Захар Дмитрич давно болел легкими. А этой зимой вдруг резко исхудал, потерял аппетит и стал почти невесомым. Но утром встанет – кашу сварит, посуду помоет, хотел быть полезным и незаметным – чтобы никого не тревожить.
А вот сегодня заставил жену перепугаться – дышал тяжело, в груди хрипы, температуру померила старику – 34. Шелестит губами едва слышно – видно, что отходит...
Молодой врач со «скорой» хотел во что бы то ни стало вернуть Захара Дмитрича с полдороги в рай...
– Повезем в больницу.
Старик мотал головой: не надо.
Сын стал писать отказ.
Но парнишка на «скорой» упорный, чуть не плачет, уговорил:
– Ну что ж вы! Мы все сделаем! Вот увидите!

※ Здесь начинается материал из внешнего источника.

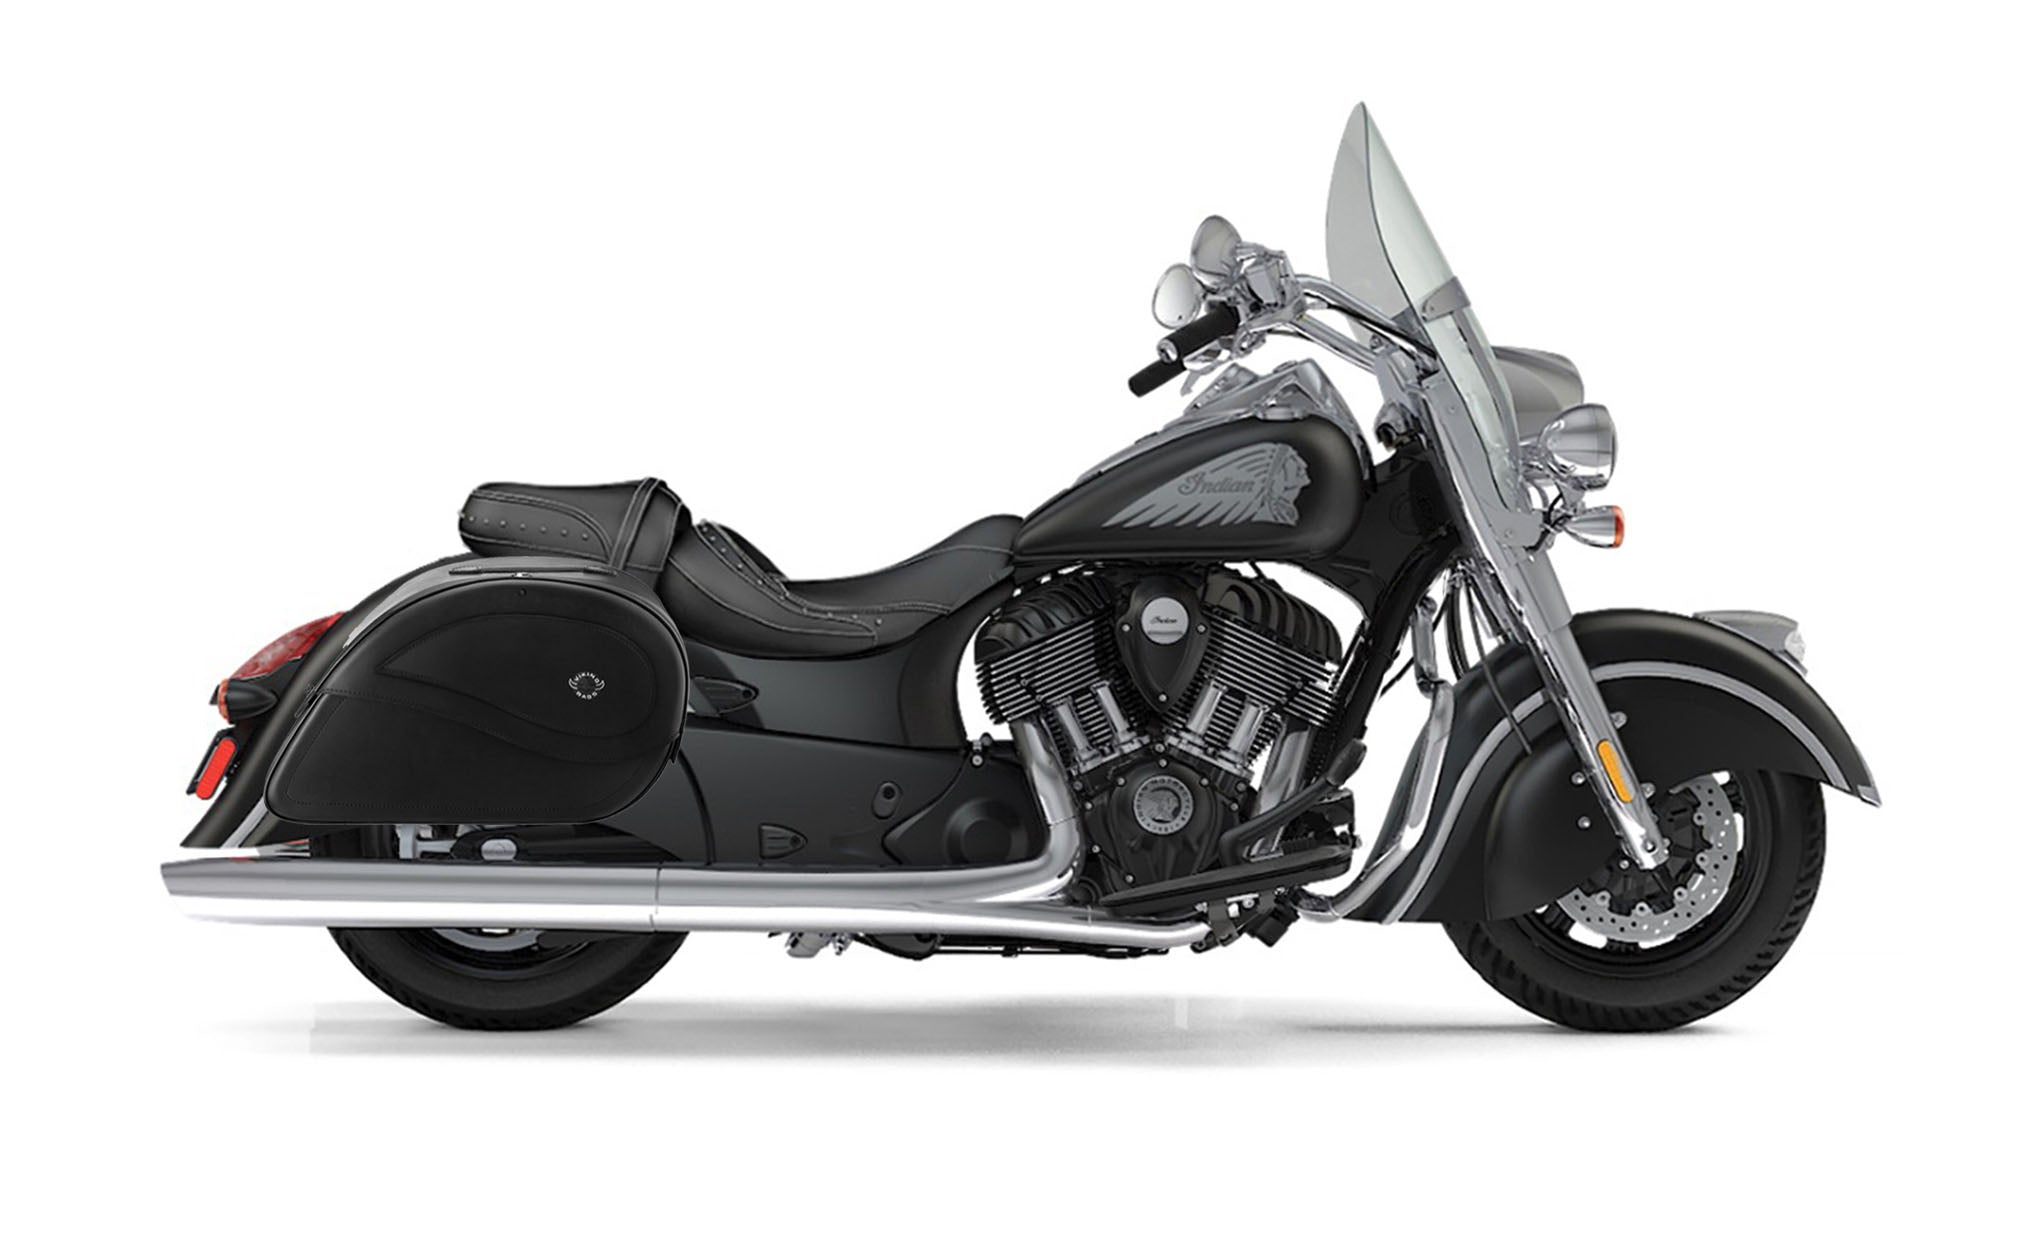 Viking Ultimate Large Indian Springfield Leather Motorcycle Saddlebags on Bike Photo @expand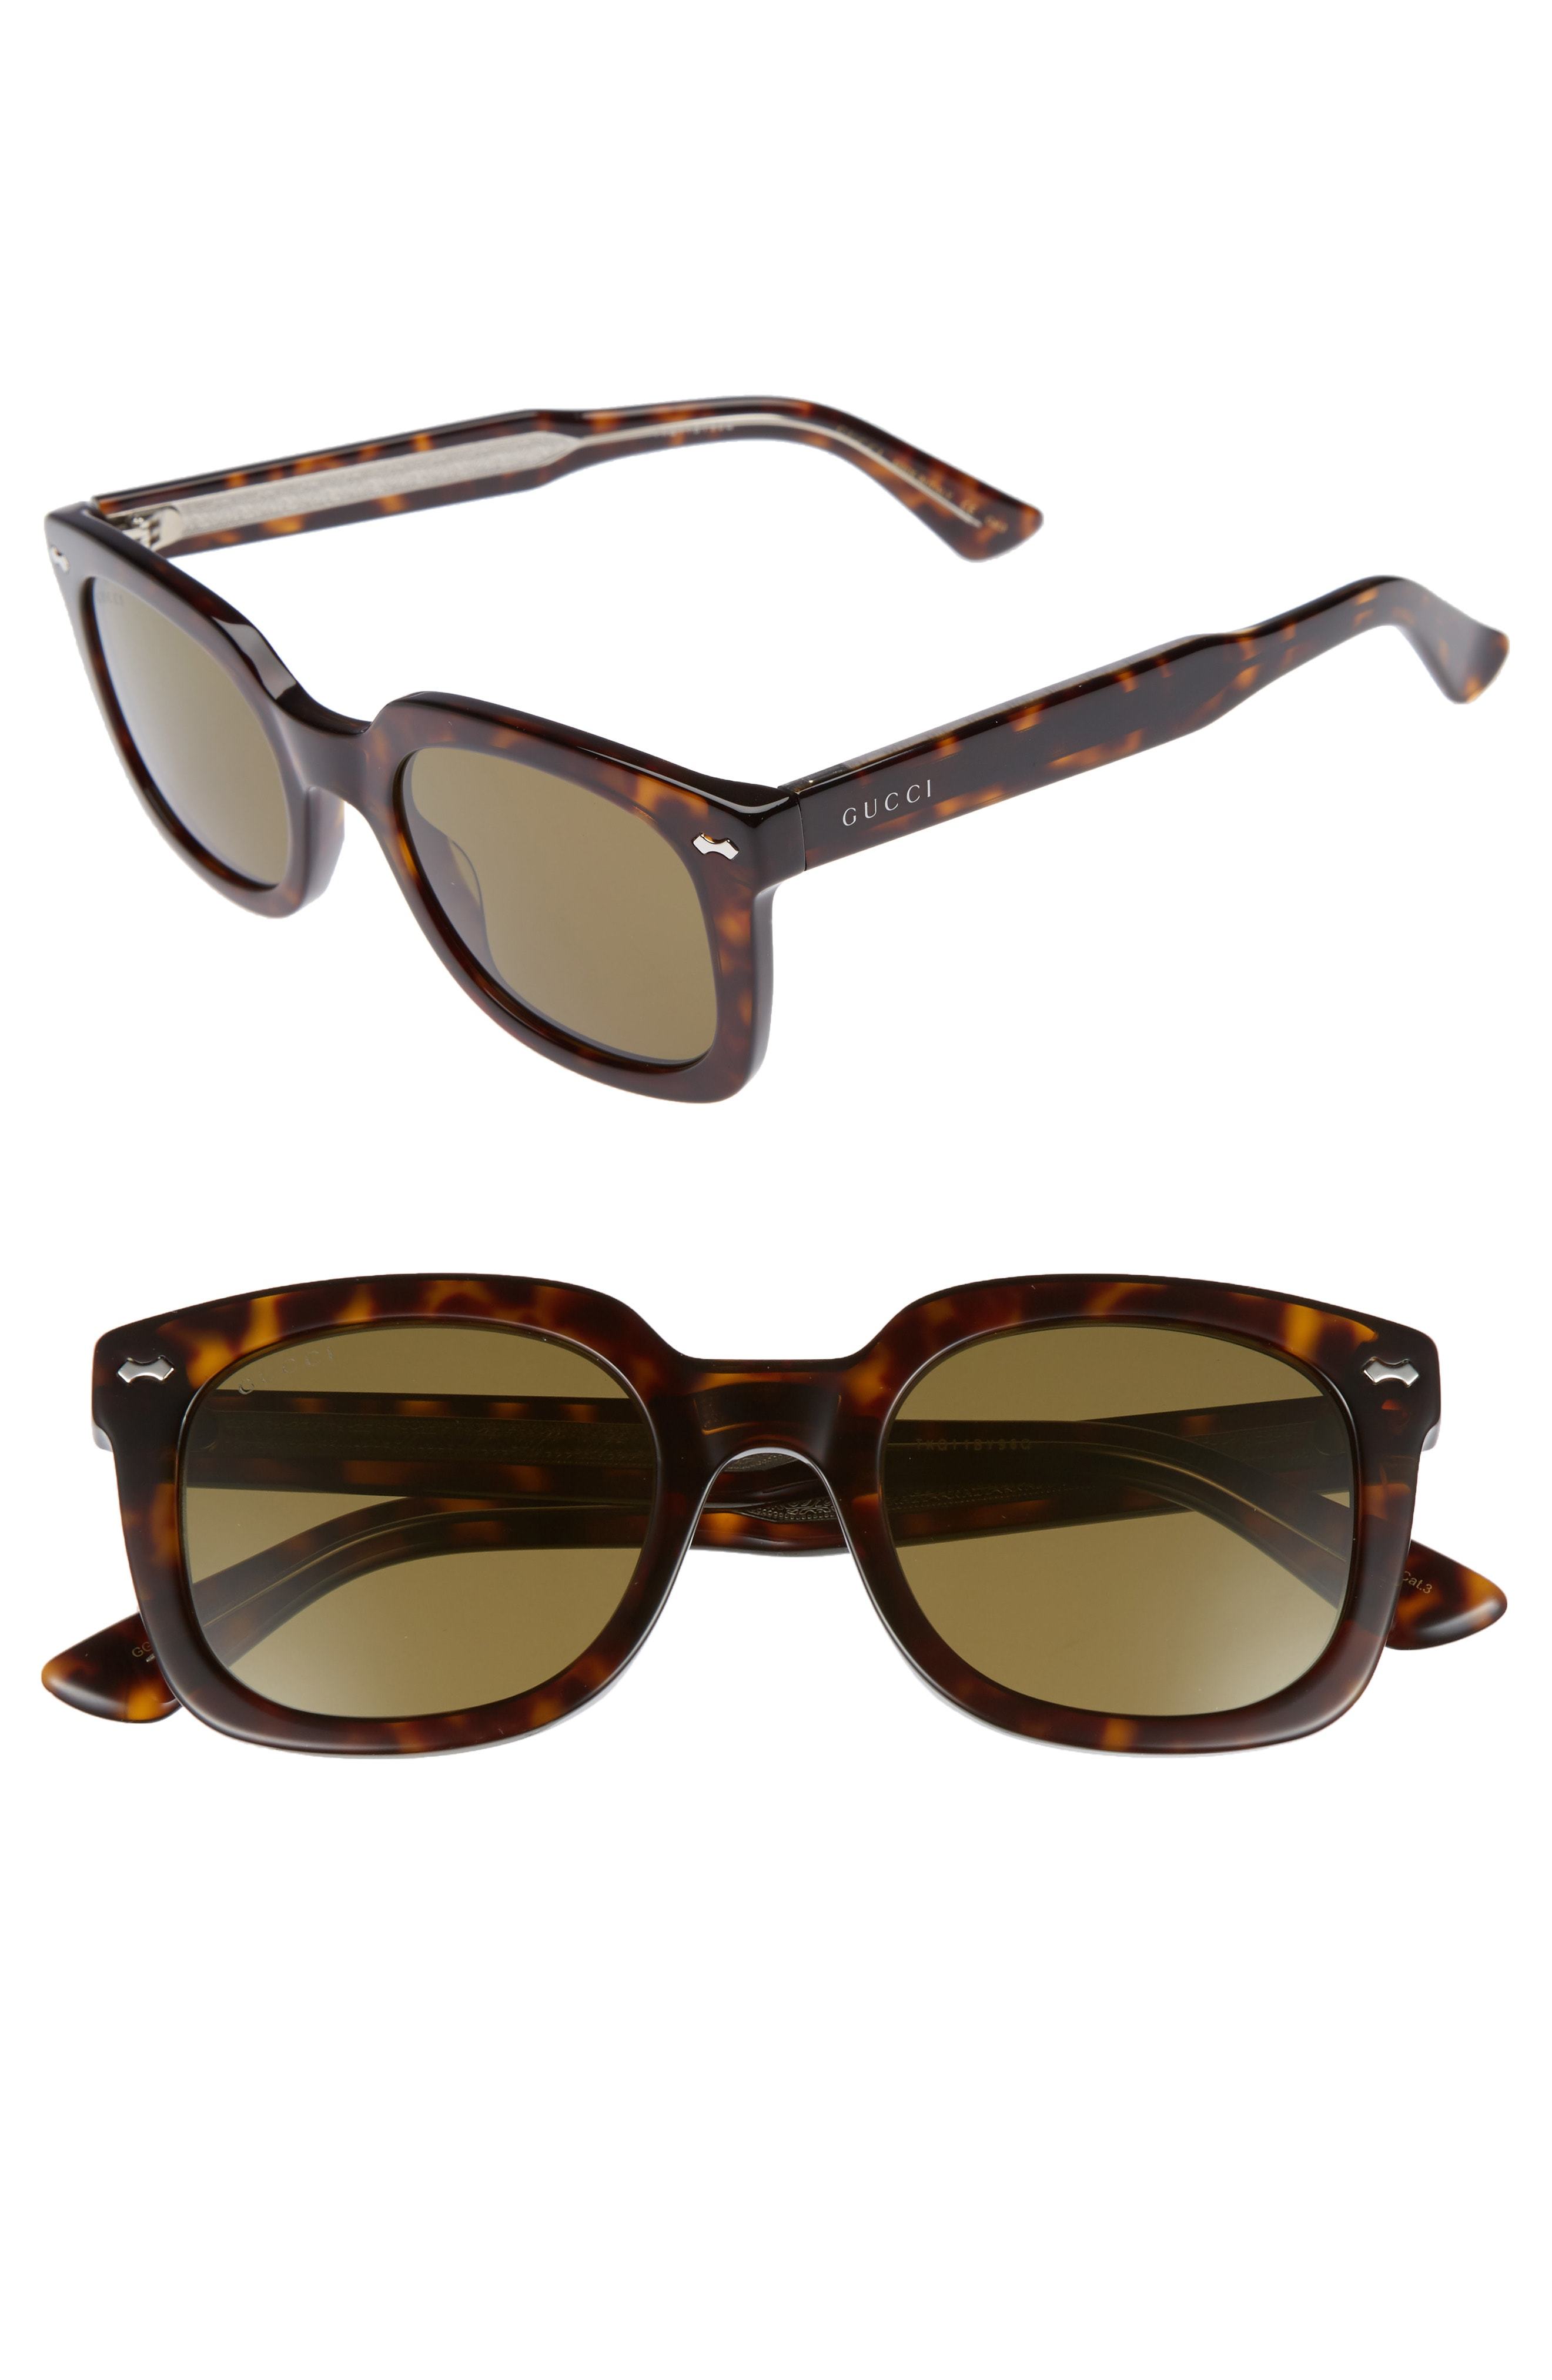 Gucci 50mm Square Sunglasses, $360

Захар Дмитрич кивнул: мол, как хотите...
Сделали уколы, дали кислородную маску.
В машине «скорой» сын снял с себя дубленку, положил отцу под голову. Сверху прикрыл старика взятым из дома одеялом: только теперь заметил, какое оно ветхое! Захар Дмитрич о других пекся, а себя словно стеснялся, для себя – в последнюю очередь.
Вот и сейчас прохрипел:
– Ты чего куртку снял, замерзнешь...
А у самого руки ледяные.
– Держись, дедуля! – подбадривает молодой враченок.
– Как твое имя? – по слогам выговаривает Захар Дмитрич.
– Какое это имеет значение?
Через некоторое время паренек спрашивает:
– Как чувствуете себя?
Захар Дмитрич хитрит:
– Ты мне имя не говоришь...
– Да Алеша я, Алеша!..
В приемном покое Захар Дмитрич немного согрелся под двумя одеялами и даже пытался пошутить с женой и сыном. Но говорить было еще трудней.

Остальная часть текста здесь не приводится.